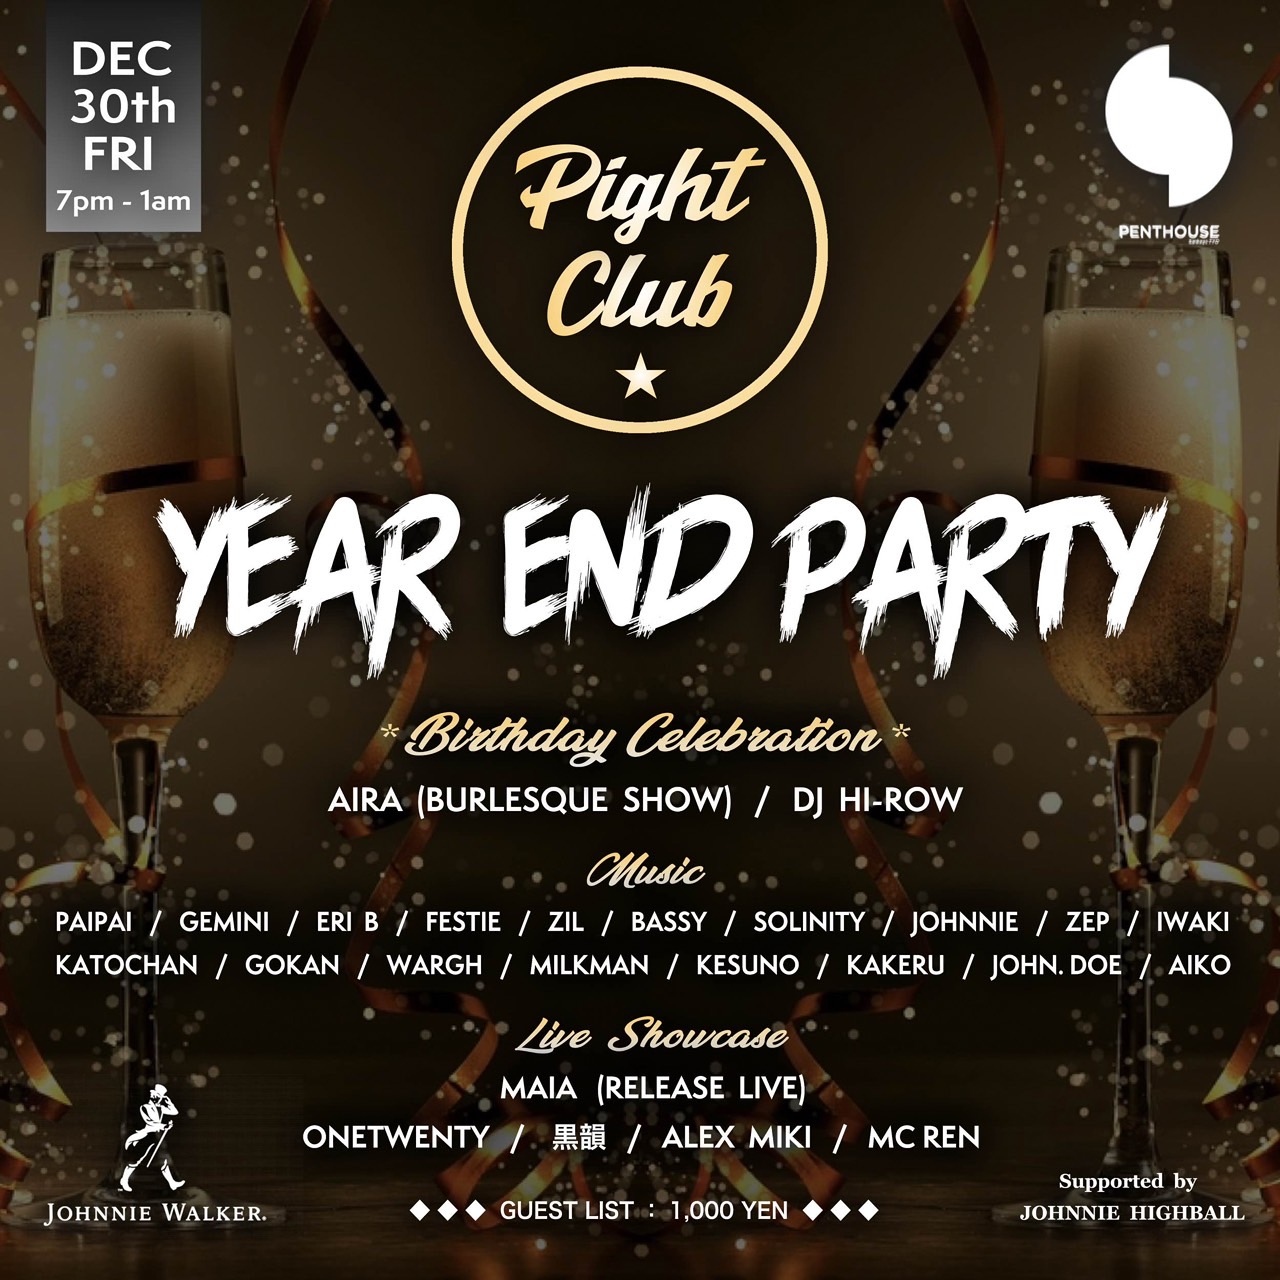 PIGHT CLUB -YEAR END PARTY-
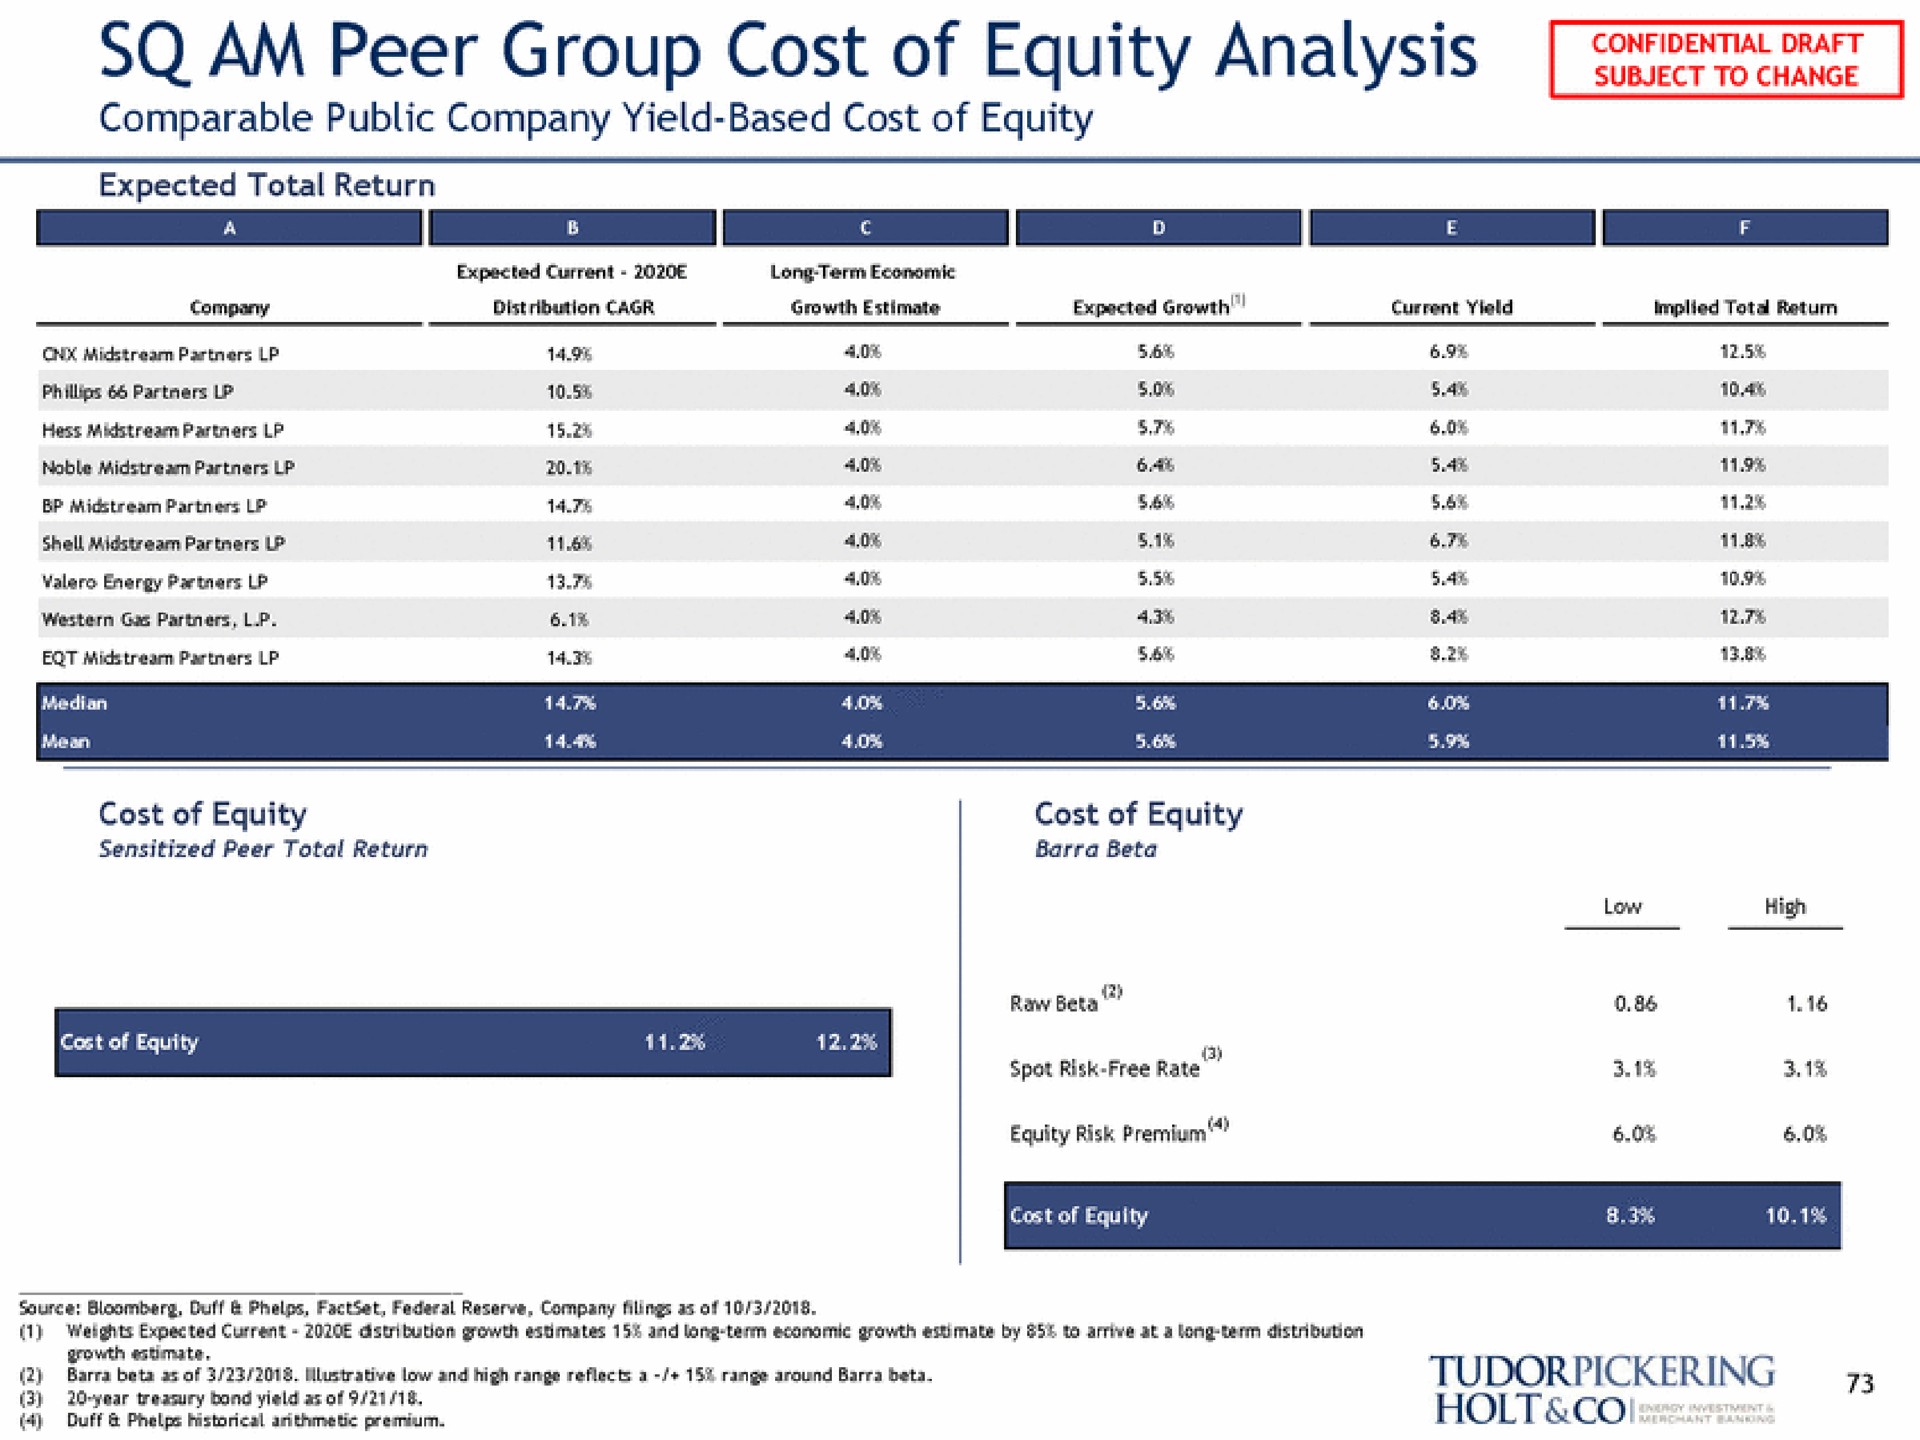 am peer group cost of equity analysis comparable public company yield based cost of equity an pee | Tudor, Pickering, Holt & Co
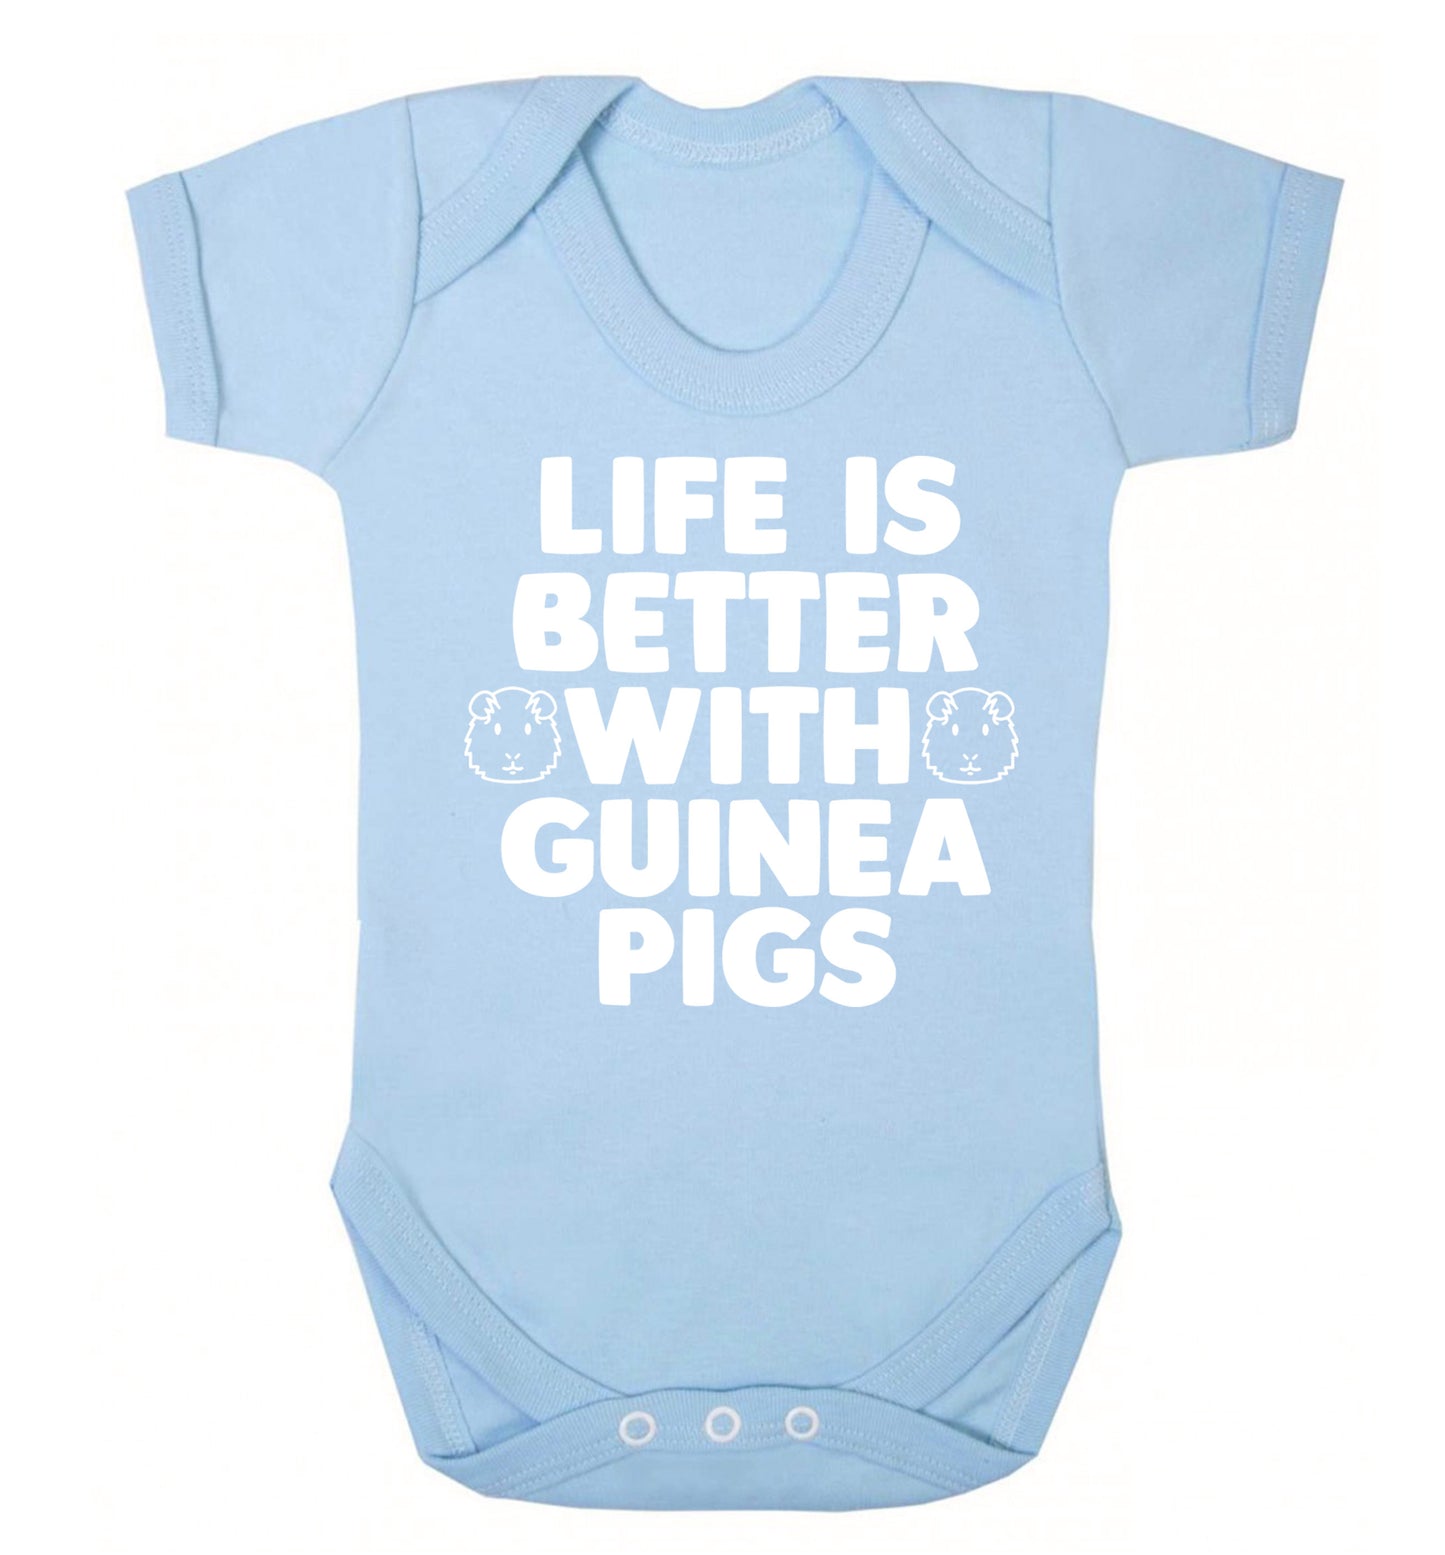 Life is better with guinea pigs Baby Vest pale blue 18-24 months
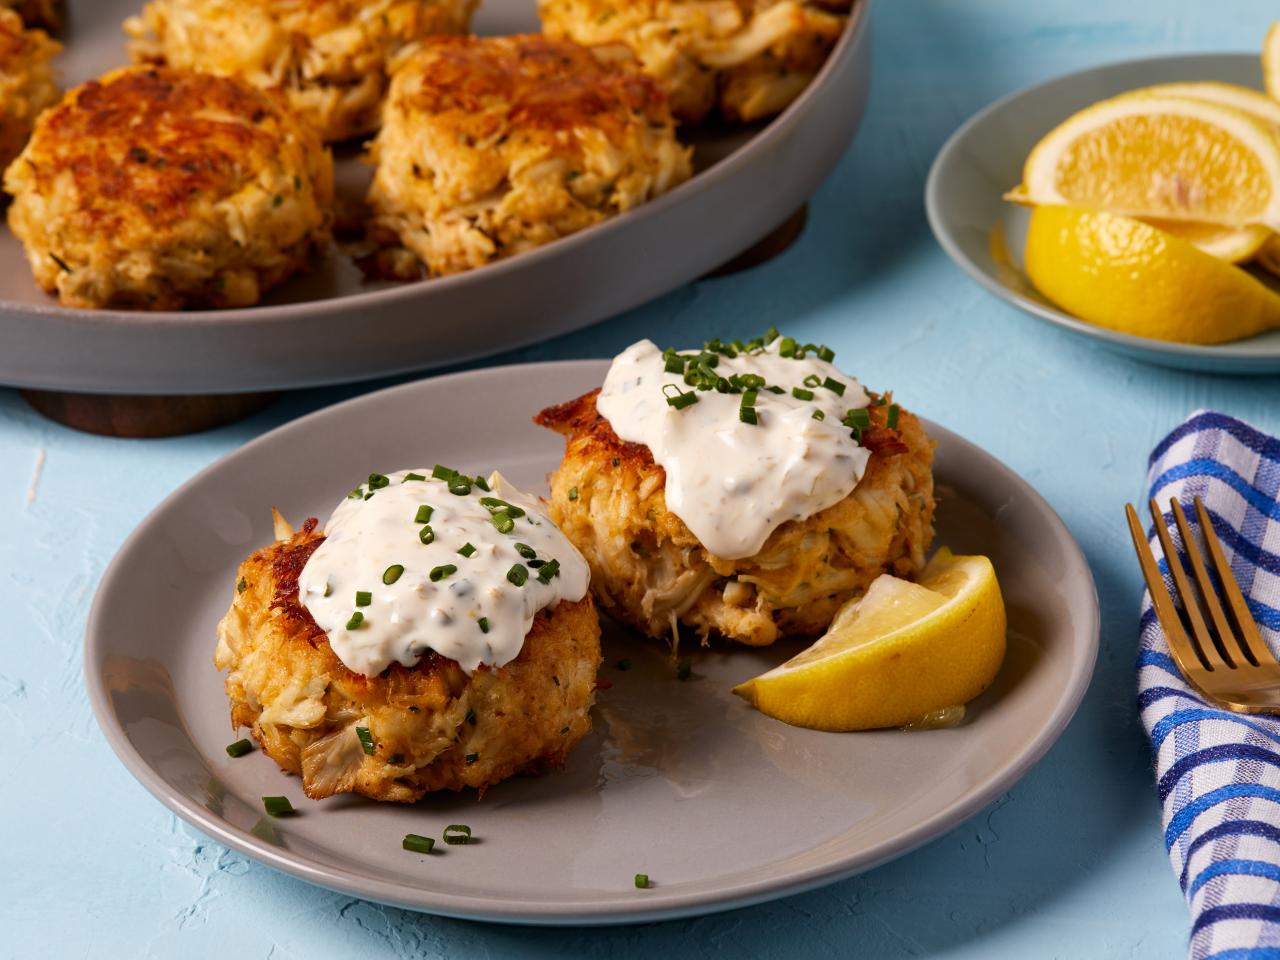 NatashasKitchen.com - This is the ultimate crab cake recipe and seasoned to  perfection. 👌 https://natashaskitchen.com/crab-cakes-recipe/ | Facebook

__TASK INSTRUCTIONS__:
Leave every picture out and print exactly the lines from the one that contains "am peer group" through the last line of the material above.

__REPLY__:
 am peer group cost of equity analysis comparable public company yield based cost of equity an pee | Tudor, Pickering, Holt & Co
 Life is better with guinea pigs Baby Vest pale blue 18-24 months
 NatashasKitchen.com - This is the ultimate crab cake recipe and seasoned to  perfection. 👌 https://natashaskitchen.com/crab-cakes-recipe/ | Facebook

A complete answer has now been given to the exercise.